Setiap pemerintahan baru menghadapi tugas monumental untuk melakukan reformasi yang sangat dibutuhkan serta melanjutkan pembicaraan dengan Dana Moneter Internasional untuk paket penyelamatan.
Komunitas internasional telah menolak untuk membantu Lebanon secara finansial sebelum reformasi luas dilaksanakan untuk memerangi korupsi dan salah urus yang meluas.

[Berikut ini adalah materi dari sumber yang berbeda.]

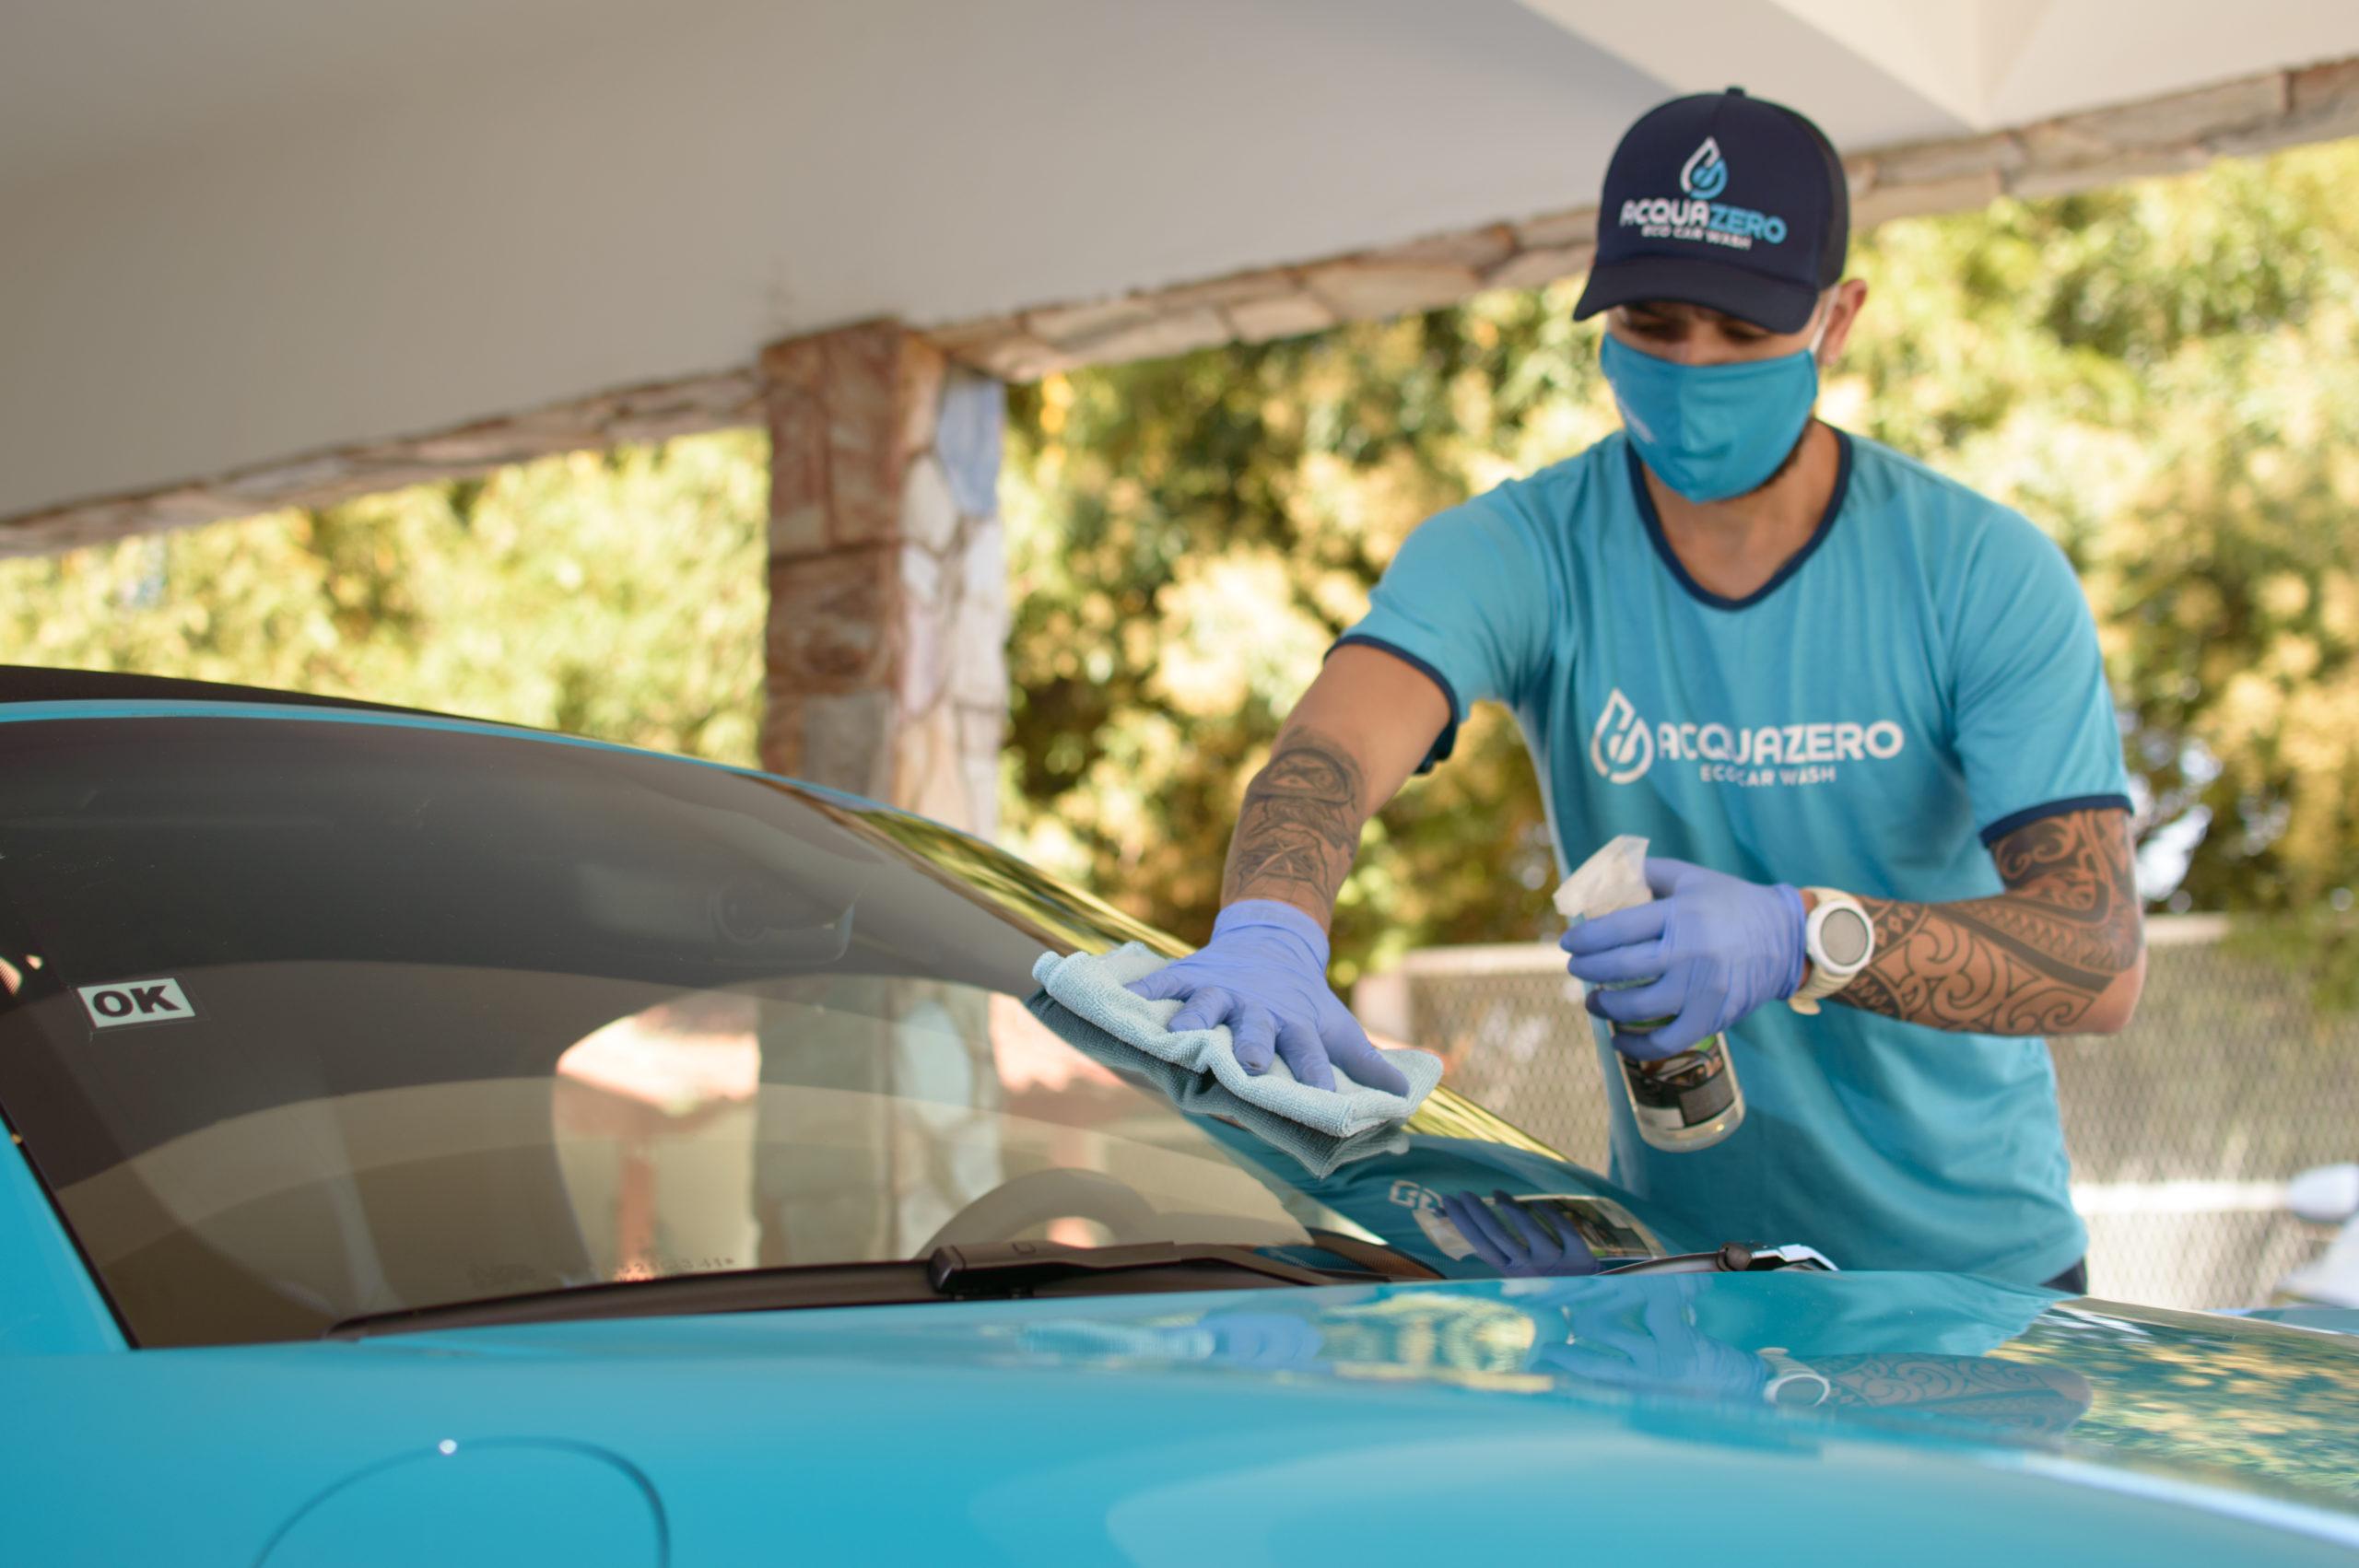 Vemos um técnico da Acquazero realizando a limpeza do para-brisa de um carro (imagem ilustrativa).

Mikati, seorang miliarder Sunni dari kota utara Tripoli, menjabat sebagai perdana menteri pada 2005 dan dari 2011 hingga 2013.

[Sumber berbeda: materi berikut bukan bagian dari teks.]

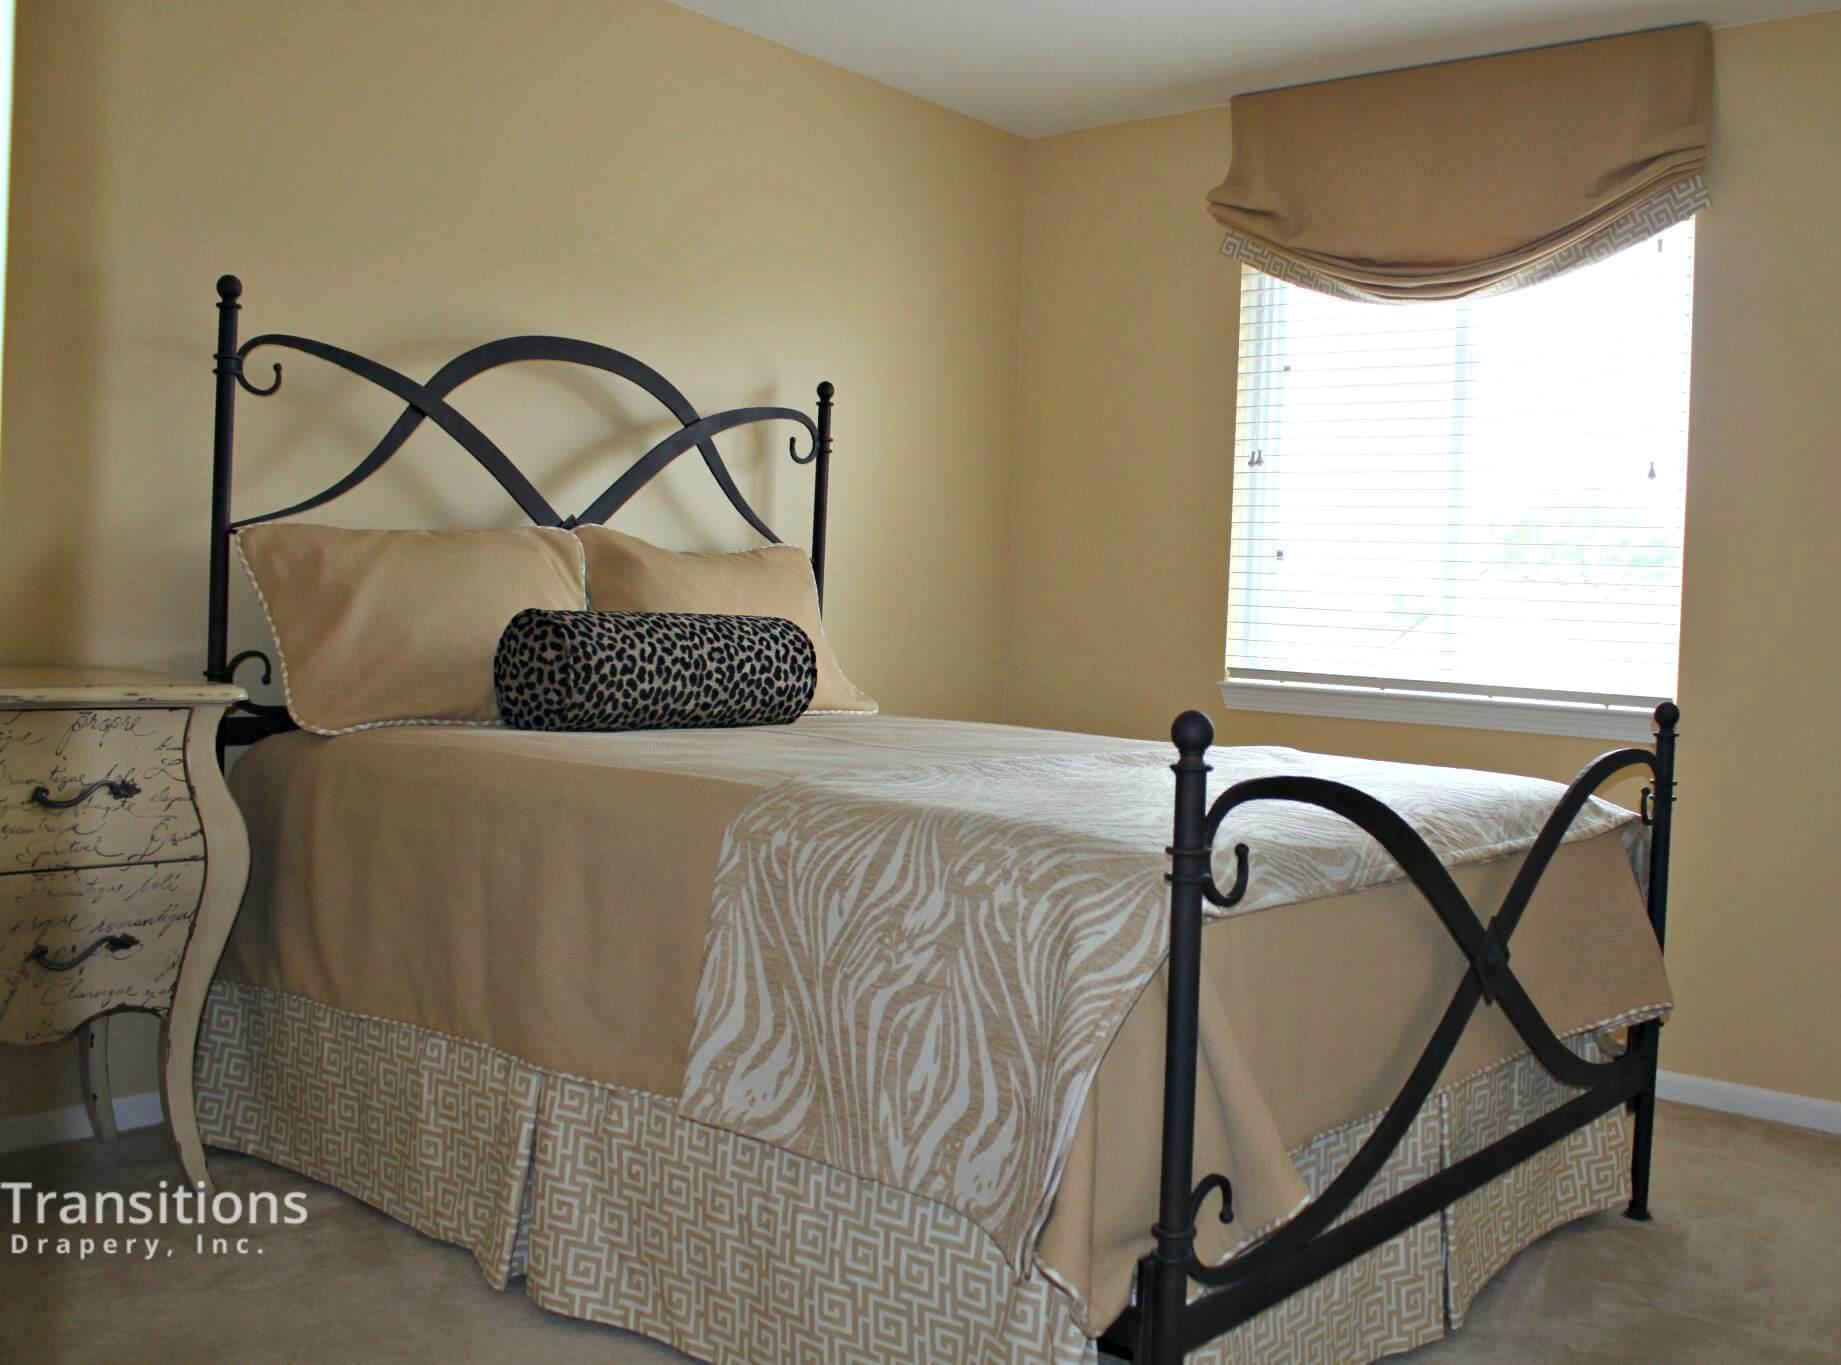 Bedding skirt pillows valance

Baca juga: Dua Rumah Sakit Umum Tutup di Lebanon, Krisis Dana, Obat-obatan dan Gaji
Tetapi, mengundurkan diri pada puncak perang Suriah setelah dua tahun bertugas di pemerintahan yang didominasi oleh Hizbullah dan sekutunya.
Tetangga konflik Suriah telah meningkatkan ketegangan sektarian antara Lebanon mendukung pihak yang berlawanan dalam perang sebelah.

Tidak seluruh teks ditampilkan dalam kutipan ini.